Alright, figured out pictures, how do I move to general discussion?


----------



## Smackdaddy53 (Dec 31, 2012)

Anytide is a moderator on here, here’s his site. Great products!
http://shallowwatersolutions.com/push_pole_brackets


----------



## CPurvis (Apr 6, 2016)

Hammertech marine makes some that looks pretty good. Check them out.


----------



## CPurvis (Apr 6, 2016)

CPurvis said:


> Hammertech marine makes some that looks pretty good. Check them out.


----------



## CurtisWright (May 9, 2012)

My advice is to get a google drive account. Way easier and no ads. You get like 50Gb for free. When you upload photos to google drive, it creates a URL and you just copy paste the link to the post. It prevents microskiff.com from having to be a data farm, which can get pretty expensive.

Is it too shallow or too grassy to use a trolling motor? I am a big fan of push pole only, but poling sucks in 5+ ft of water. The pole wants to float up and you don't get a long stroke.


----------



## Carphunter (Jan 30, 2018)

Thanks guys, I think the HammerTech may be the way to go. I found that photo also when scrolling through their photos. They look like they are a custom fabrication for the round gunnels.


----------



## CPurvis (Apr 6, 2016)

Carphunter said:


> Thanks guys, I think the HammerTech may be the way to go. I found that photo also when scrolling through their photos. They look like they are a custom fabrication for the round gunnels.

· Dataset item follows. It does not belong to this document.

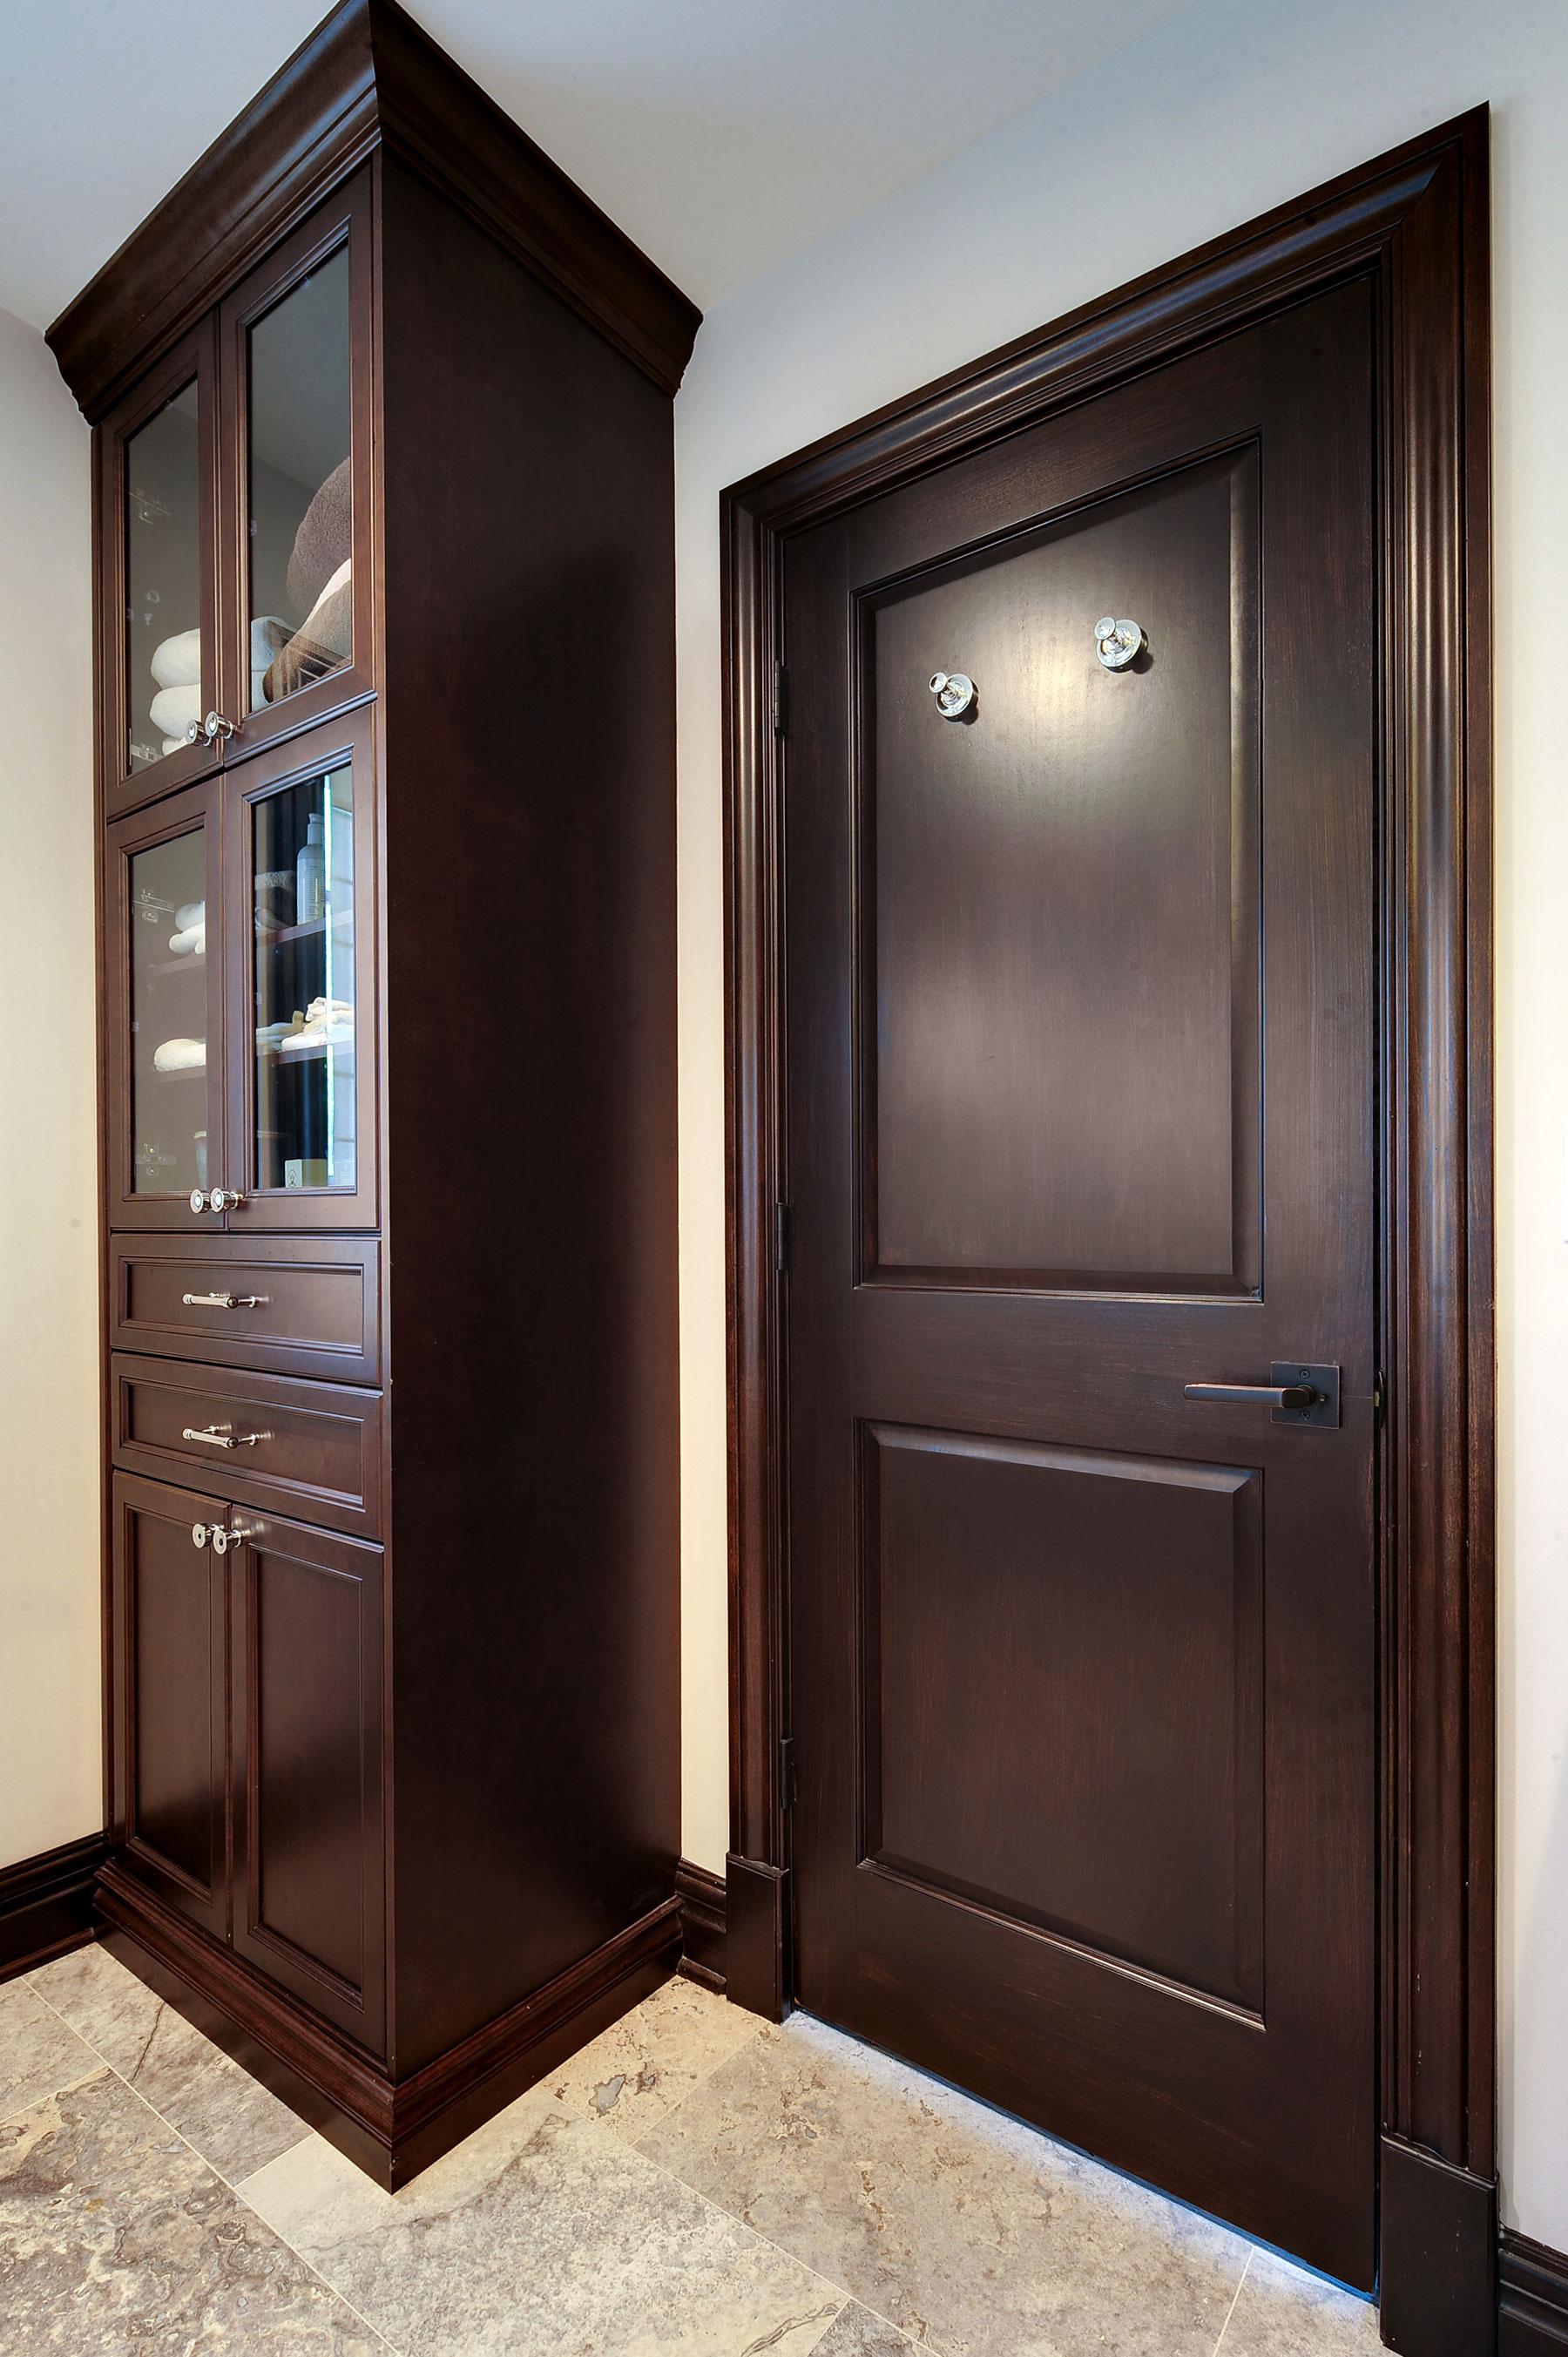 Custom Wood Interior Doors | Custom Interior Solid Wood Door  - Glenview Doors - Custom Doors in Chicago

In use Hammertech products and they work good. Very good customer service.


----------



## Carphunter (Jan 30, 2018)

Curtis thanks for the reply, Yup Minn Kota powerdrive up front. Merc 25HP on transom. Gets us around, but very often
our Carp are found in very skinny water. Hammertech only charges $15.00 extra for the
holders that fit on the round gunnels. I thought that was very fair.


----------



## permitchaser (Aug 26, 2013)

We'd like to see pictures of your Carp fishing. Especially if you fly fish


----------



## Carphunter (Jan 30, 2018)

Hello Permitchaser, Yes fly fish, Carp are very tough to hook, very finicky, spooky and frusturating.
Funny as Permitchaser is my handle on all other fishing forums I am a member of, good choice.
Been a permit guy for 25 years. Actually headed to Placencia, Belize Saturday for 12 days to chase them once again! Sight fishing has been in my blood since I hooked my fist bone almost 30 years ago. Living in Colorado provides great trout fishing but Carp tail in shallow water and get large.
I find them almost as challenging as Permit, and close to home. My buddy and I are building the Carphunter 2, Last year we had a Canoe with outriggers that worked well, but realized we needed to up our float.


----------



## Carphunter (Jan 30, 2018)

The skiff is almost completed, I will try to post more photos soon. Here she is when we brought her home in October. Not a bad start for $650


----------



## Capnredfish (Feb 1, 2012)

Carp hunter. Have you tried good old white bread balls?


----------